Surely a more accurate analogy for him would be, ‘If you stuck a group of scientists in a room with a pretty stone then, with nothing from the outside world, they would conclude there was a Creator’… which they wouldn’t.
Good post. Of course, one key difference between archaeologists and creationists is that archaeologists do have some knowledge of the designers – they know the designers were human. Since they know something about humans they have some idea of what to look for when determining if a found artifact was designed.
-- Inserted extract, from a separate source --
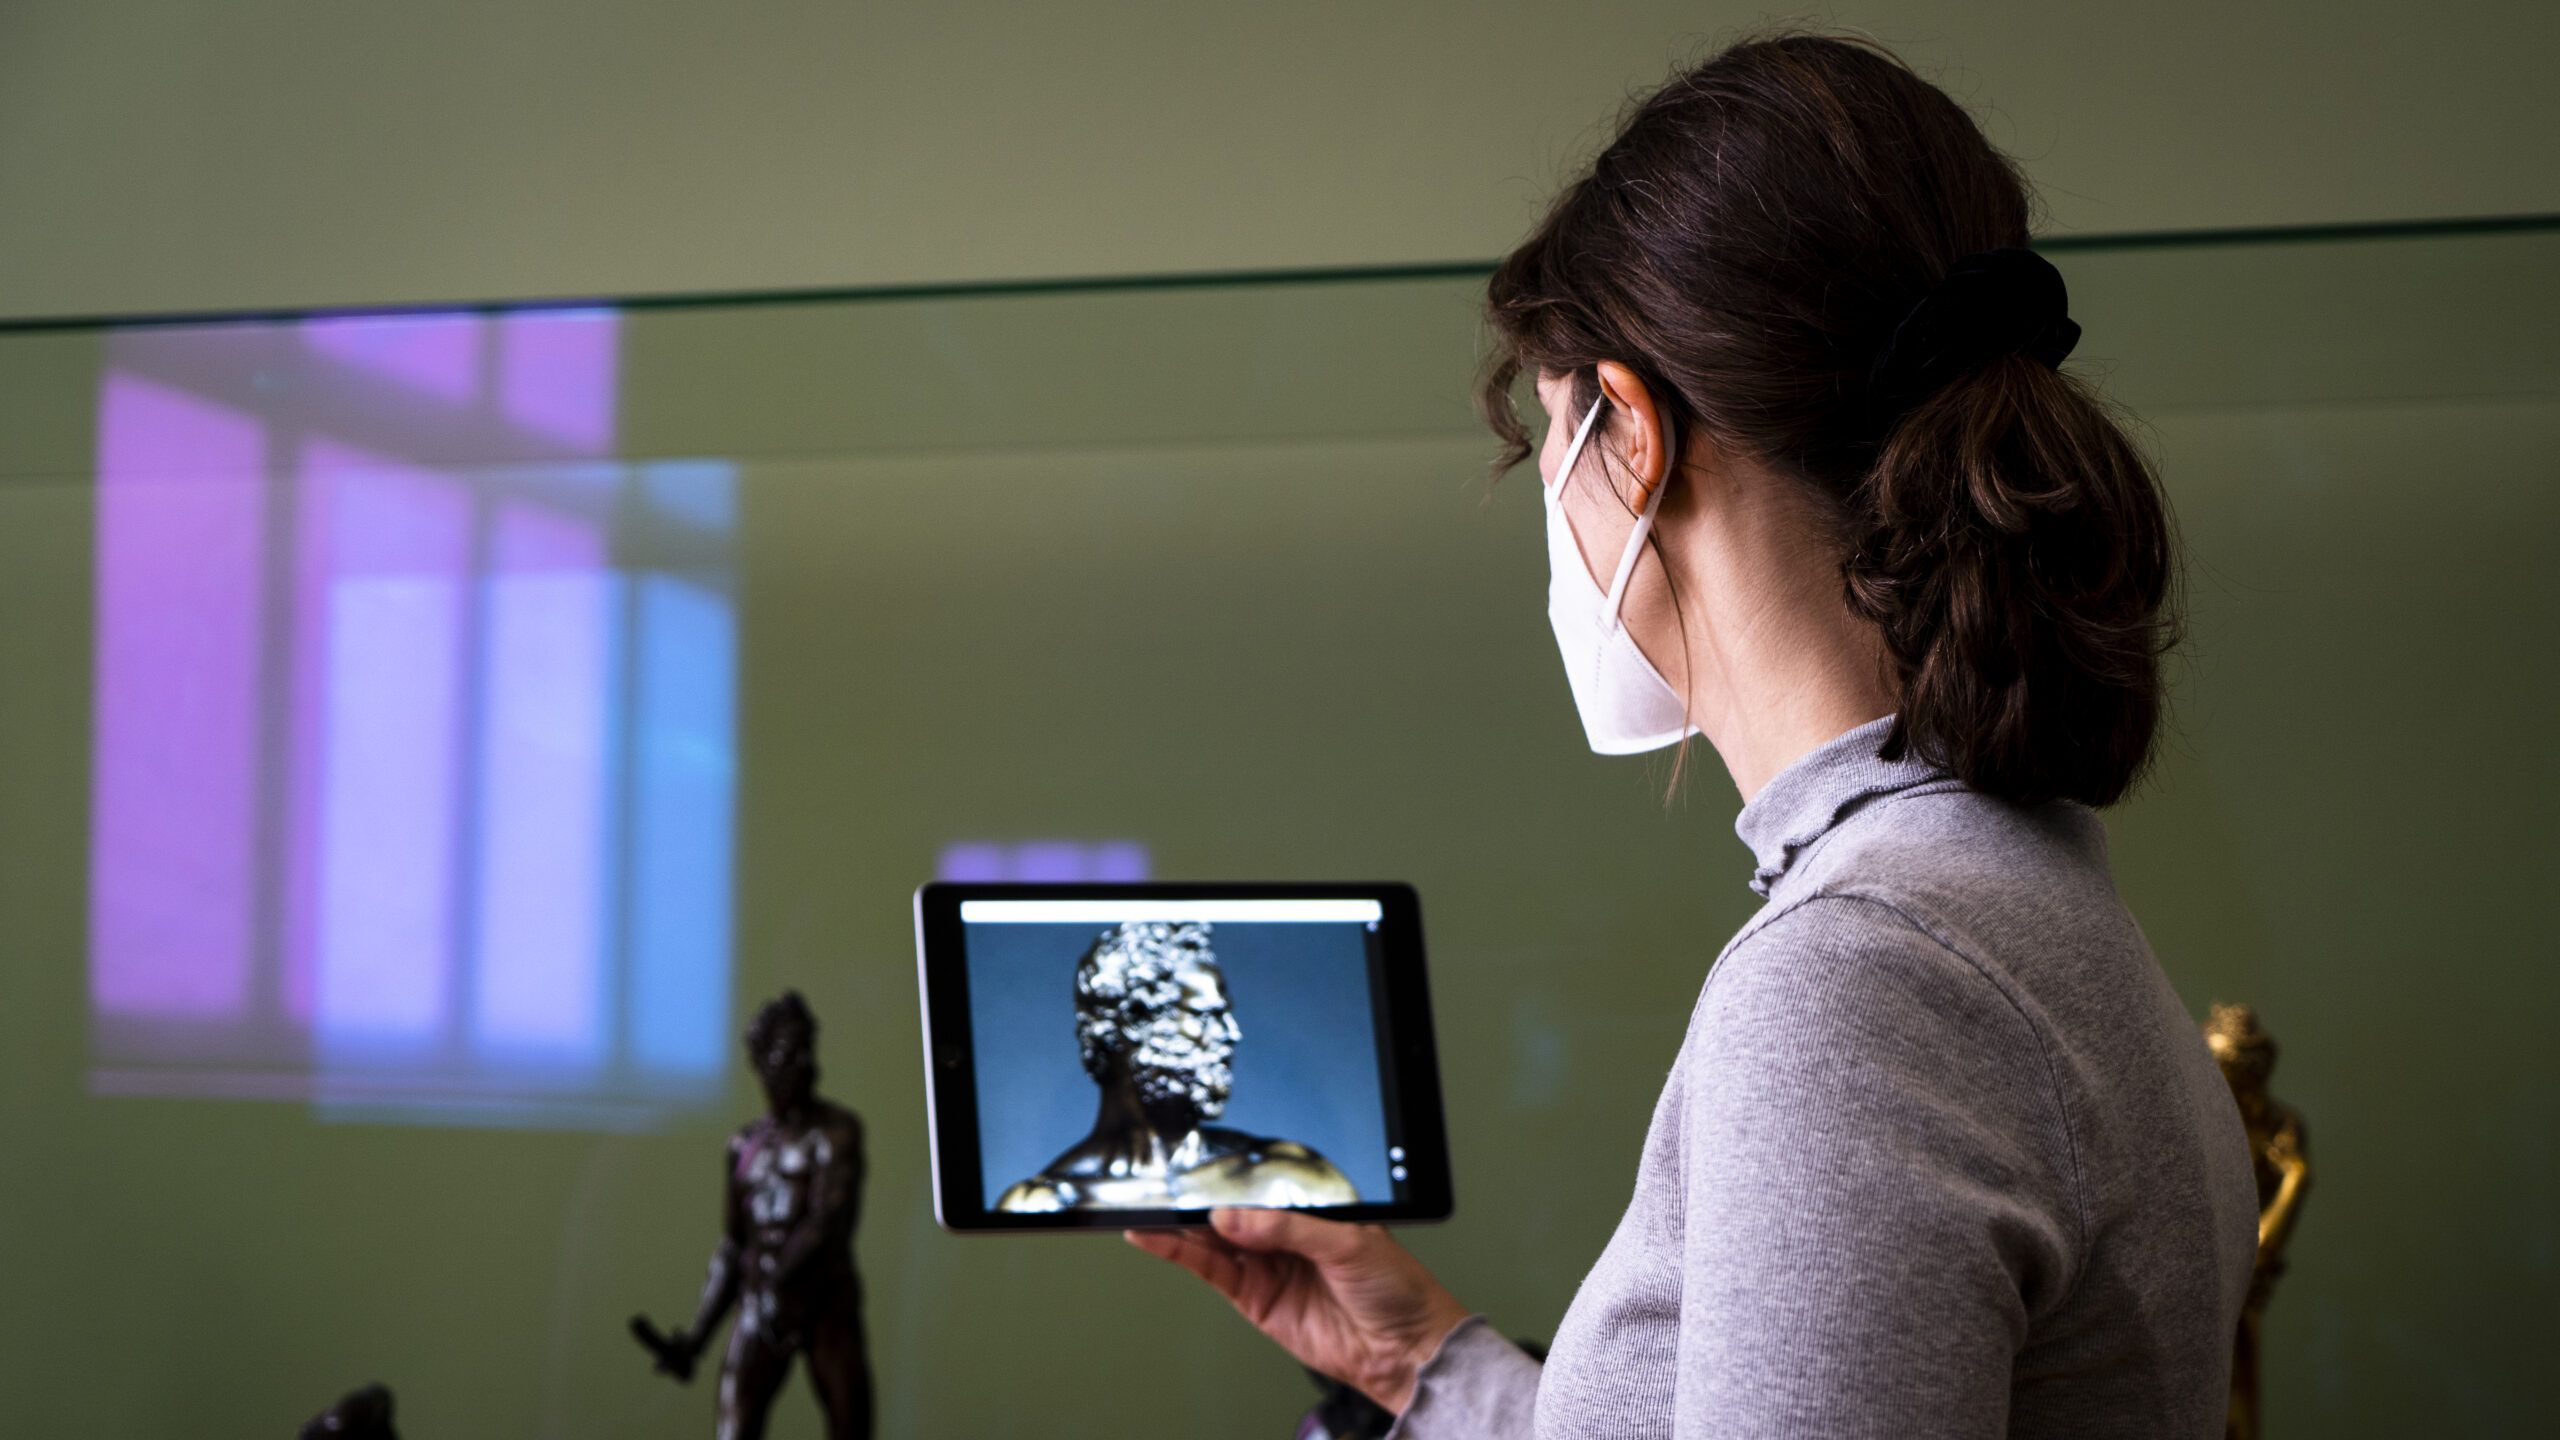 Erforschen, vertiefen, begleiten! Die neu konzipierten Sammlungen Online der Staatlichen Museen zu Berlin bieten mit den neuen Vermittlungs-Modulen Themen und Touren eine zeitgemäße digitale Begleitung zum Erkunden und Entdecken der Sammlungen vor Ort, unterwegs oder zu Hause.

Creationists know nothing about their “designer” (except perhaps that he works in “mysterious ways”), and so they have no idea what to look for.
I wrote before about SETI, archeology and other sciences.
They’re quite like me on my first prehistoric dig, really; because I was looking for designed things, I found them, in river cobbles, cracked rocks… It’s something I’ve found recently, as a lot of people have been trying to save my soul from Humanism; because they presume there is a Creator, they find It wherever they look and can’t think past it.
I think they’re fair comments, and because archaeology is the search for traces of humanity in the past I can see why “what is this artefact?” rather than “is this an artefact?” is the first question that people ask. There’s no shame in not having much idea about archaelogical theory. It’s not something you come across everyday and there’s plenty I don’t know about, like 19th century French literature.
The reason I don’t have sympathy is that I don’t habitually berate French Lit. scholars in the media with my phony expertise. Which is all just an excuse to steal a joke from the Reduced Shakespeare Company.